# [Exercise directions]
Every line of the material below needs to be copied exactly; omit the pictures.

# [Supplied information]
========

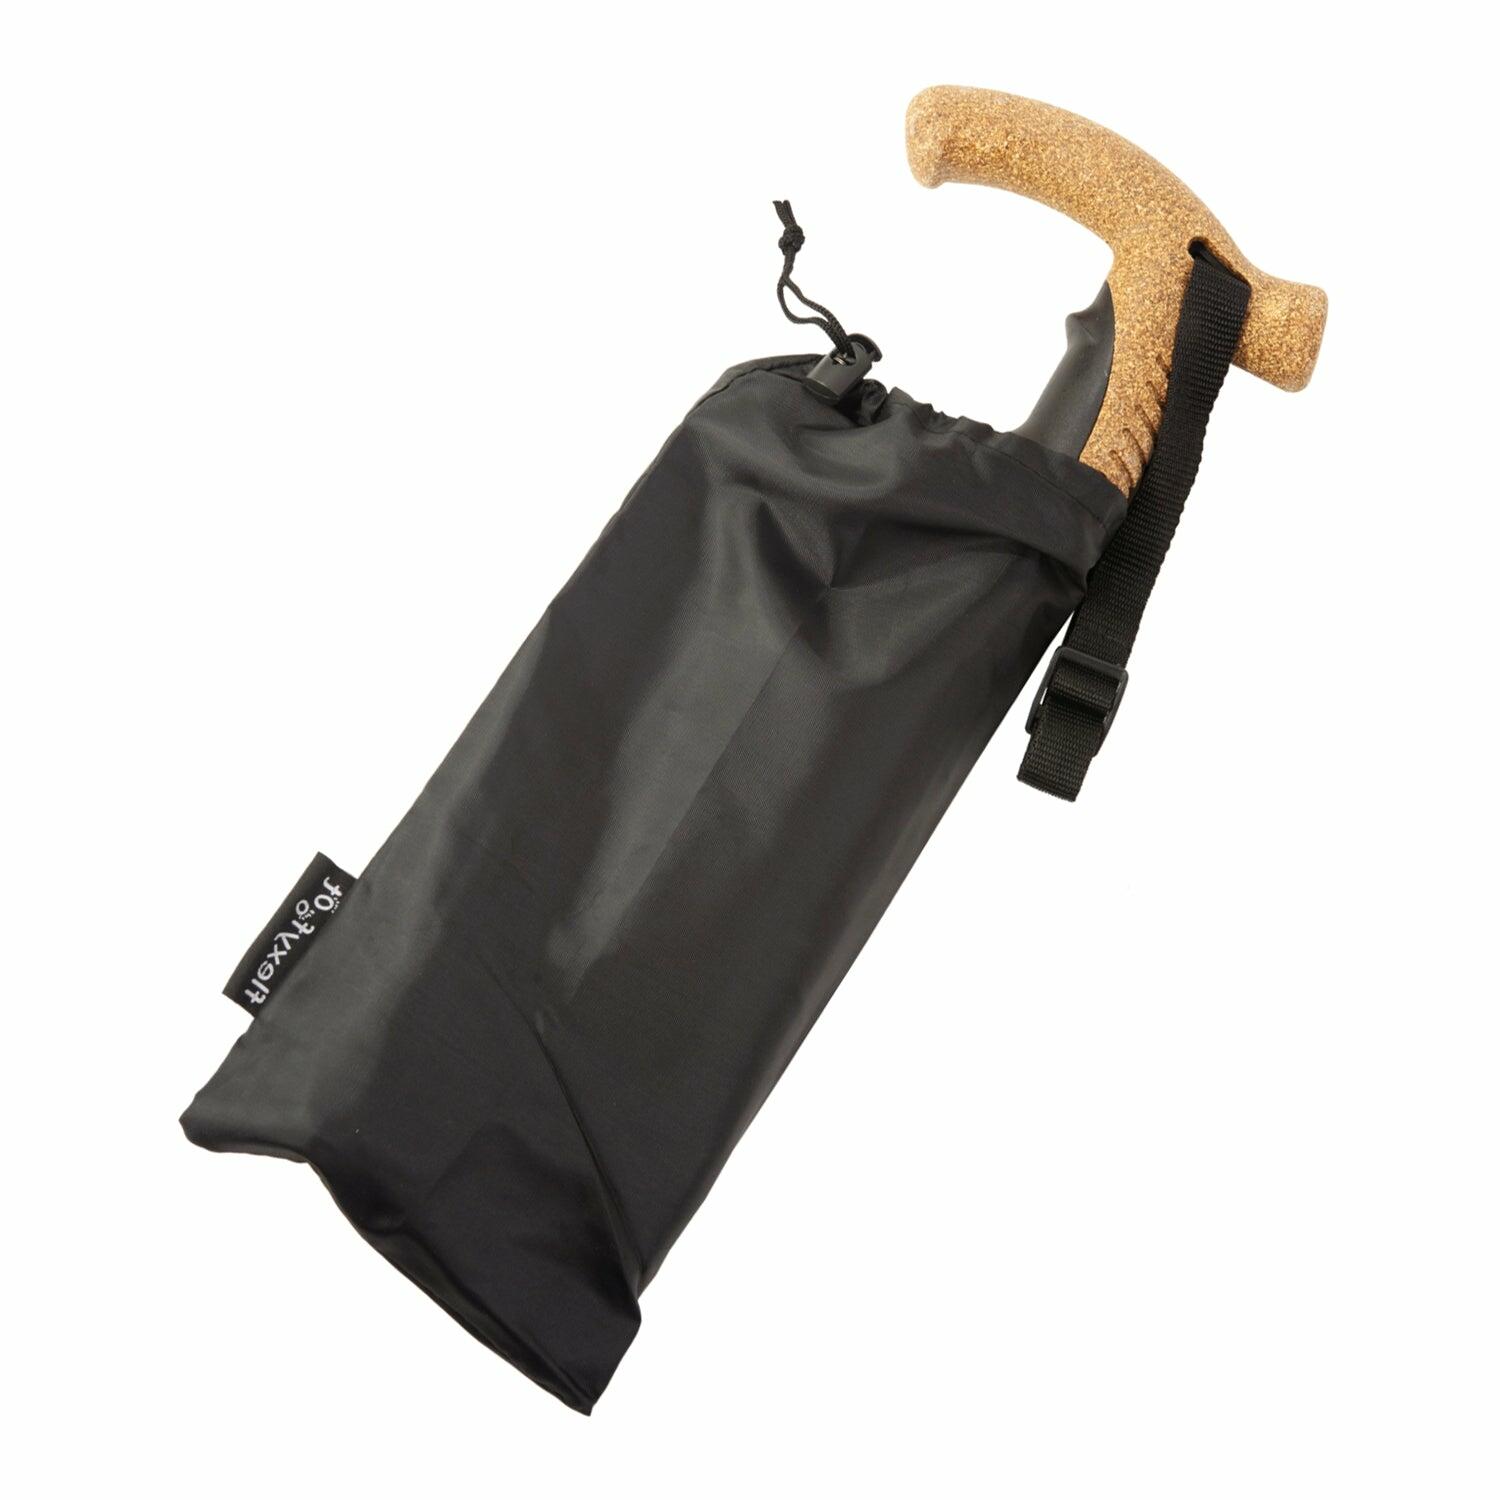 A single orange Flexyfoot Premium Cork Handle Folding Walking Stick in the supplied carry bag
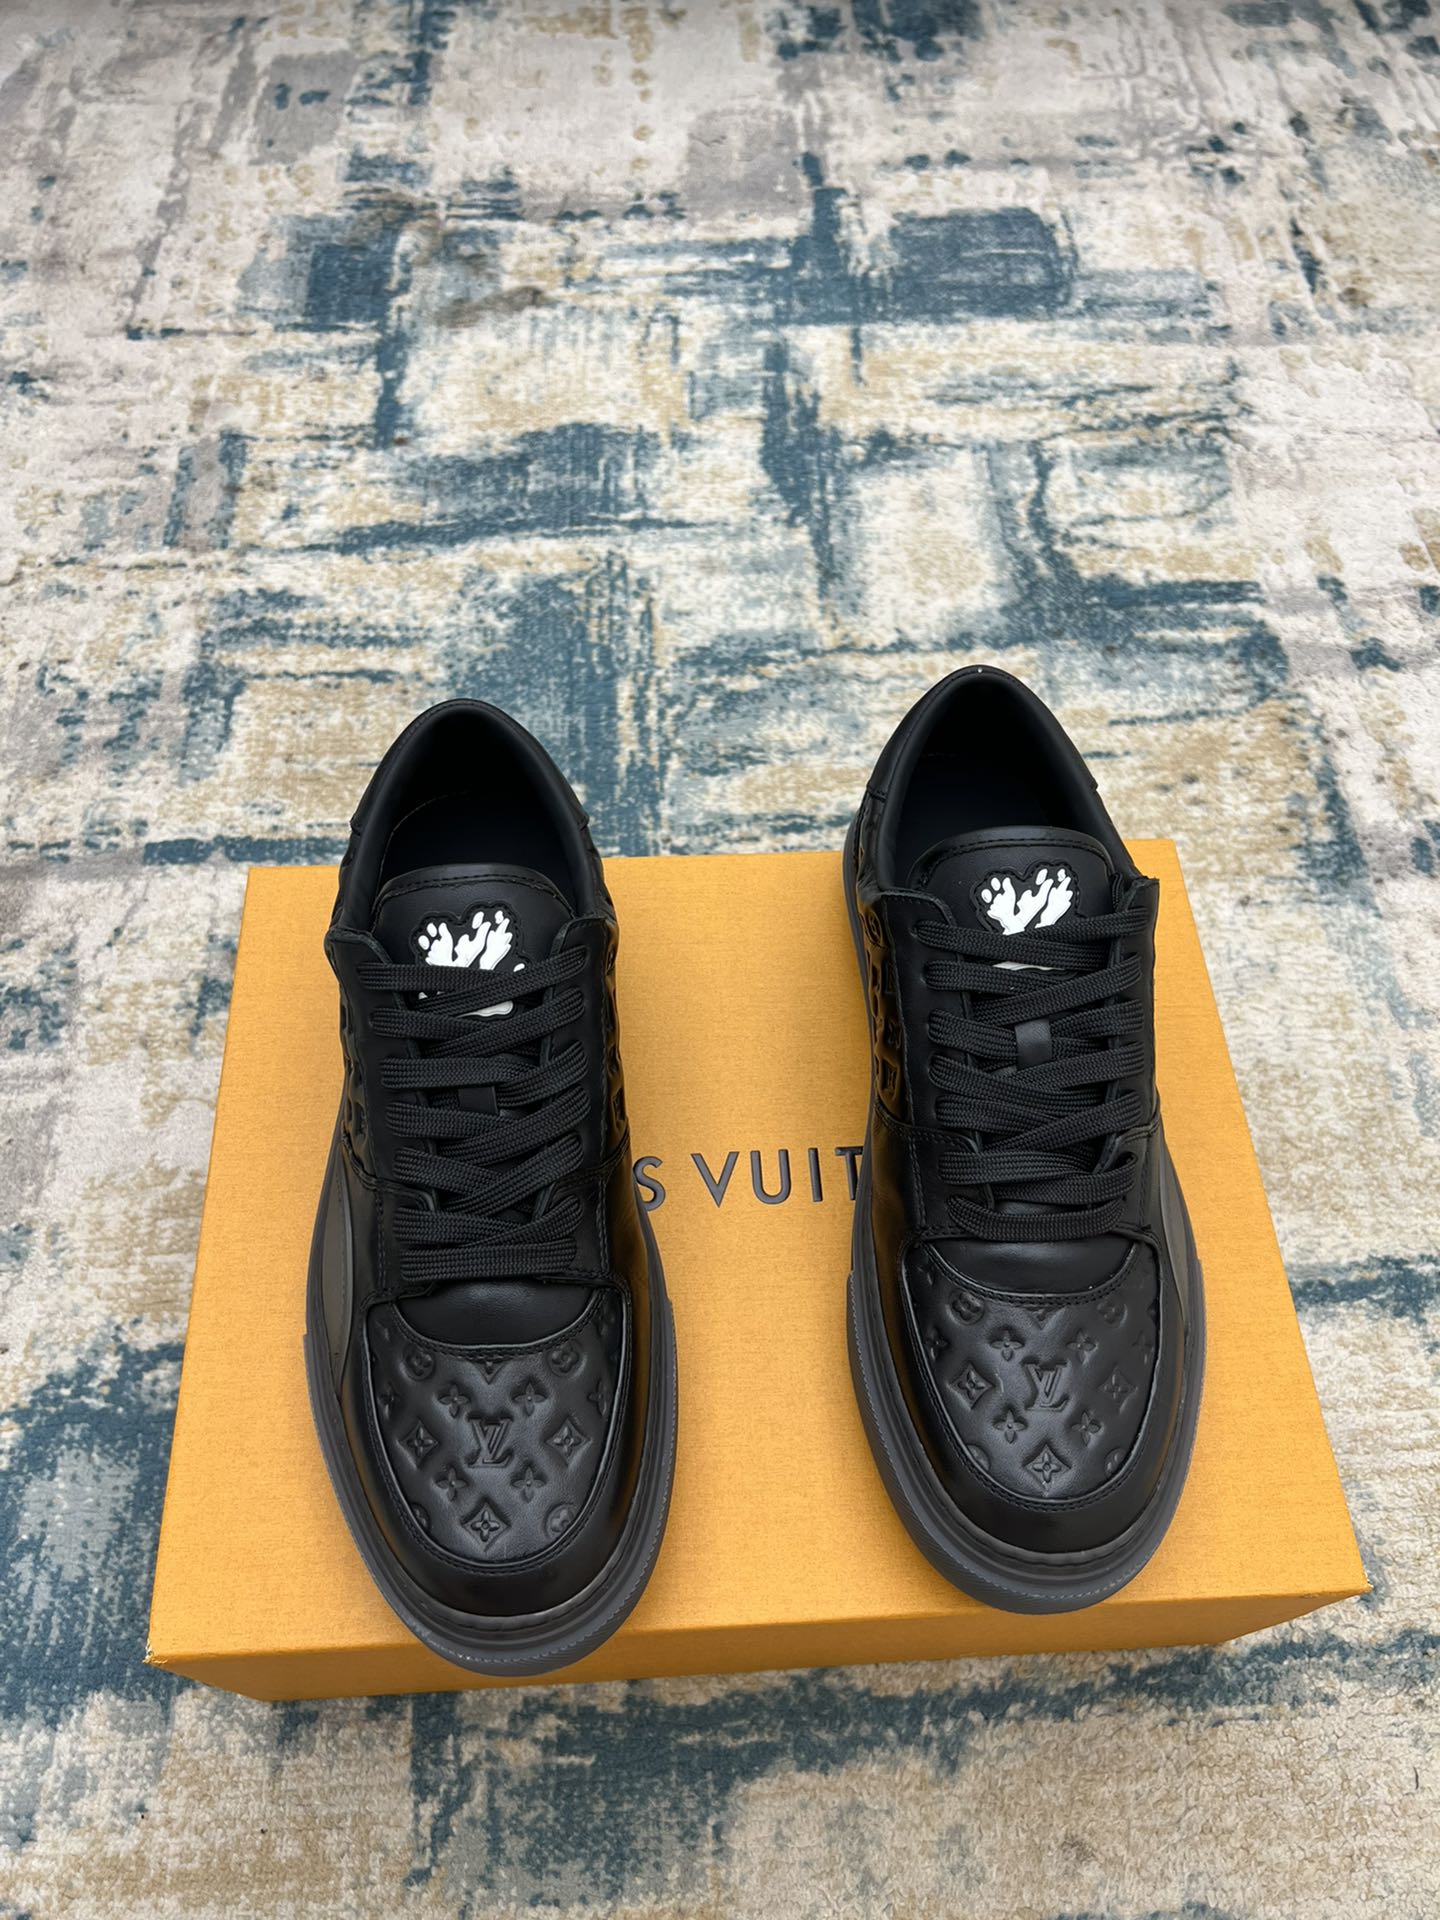 Louis Vuitton AAAAA+
 Sneakers Casual Shoes Men Cowhide Rubber Casual
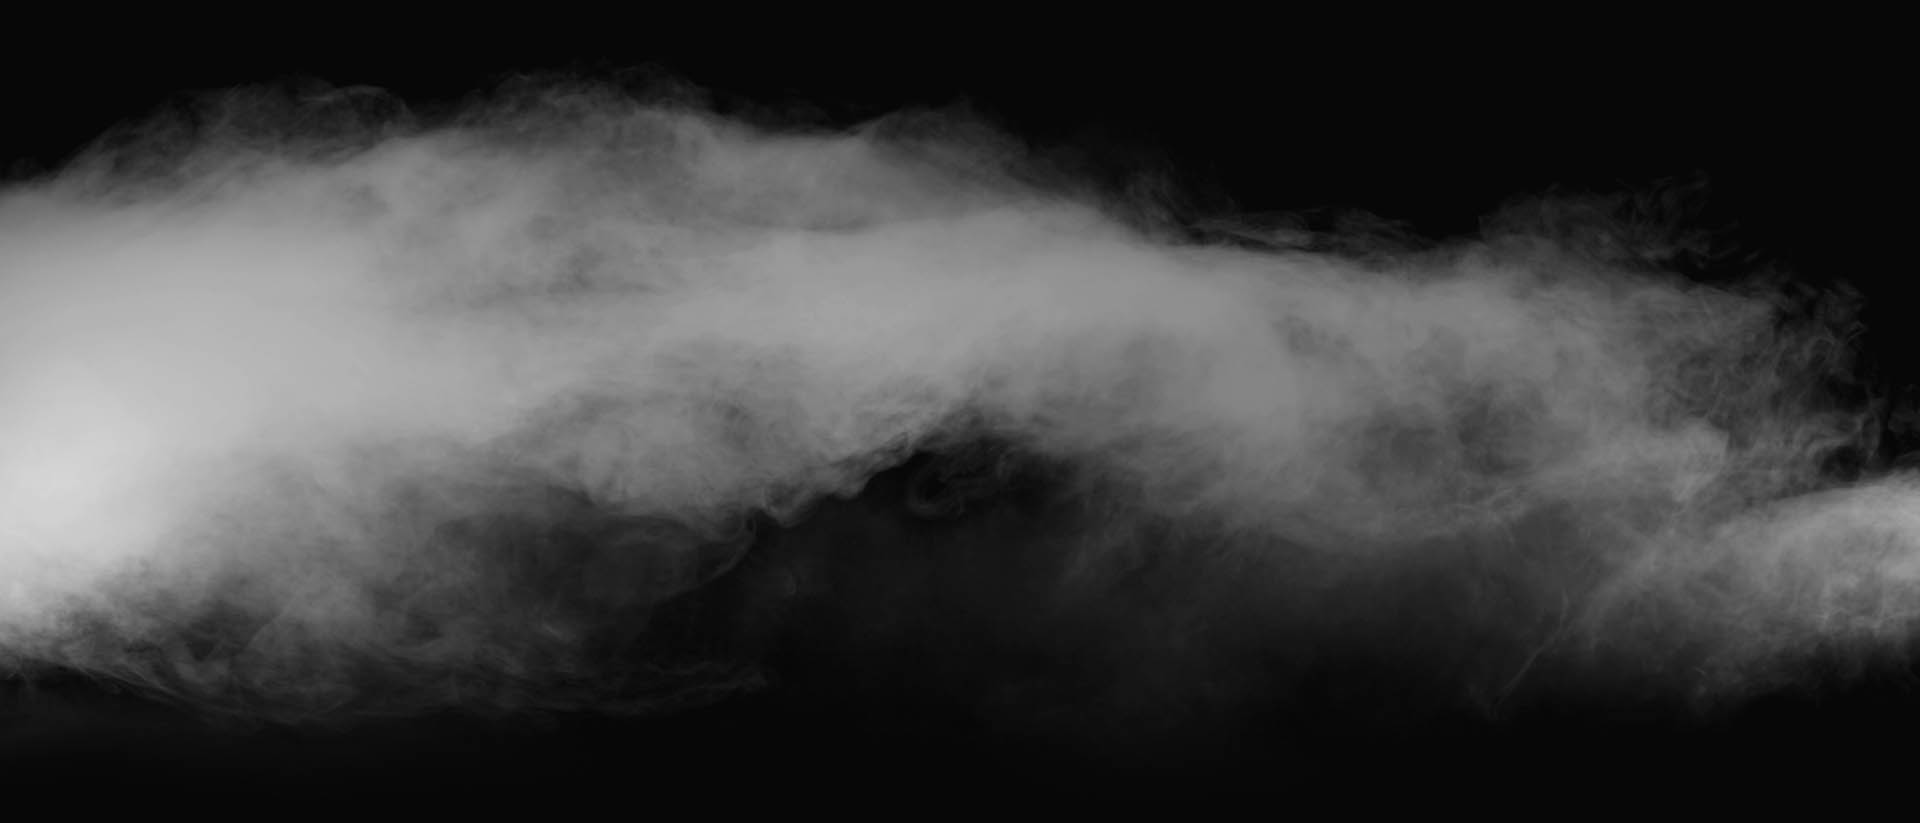 Our New Atmospheric Smoke & Fog Vol. 2 VFX Assets are Here!

========

# [Answer to this problem]
 A single orange Flexyfoot Premium Cork Handle Folding Walking Stick in the supplied carry bag
 Louis Vuitton AAAAA+
 Sneakers Casual Shoes Men Cowhide Rubber Casual
 Our New Atmospheric Smoke & Fog Vol. 2 VFX Assets are Here!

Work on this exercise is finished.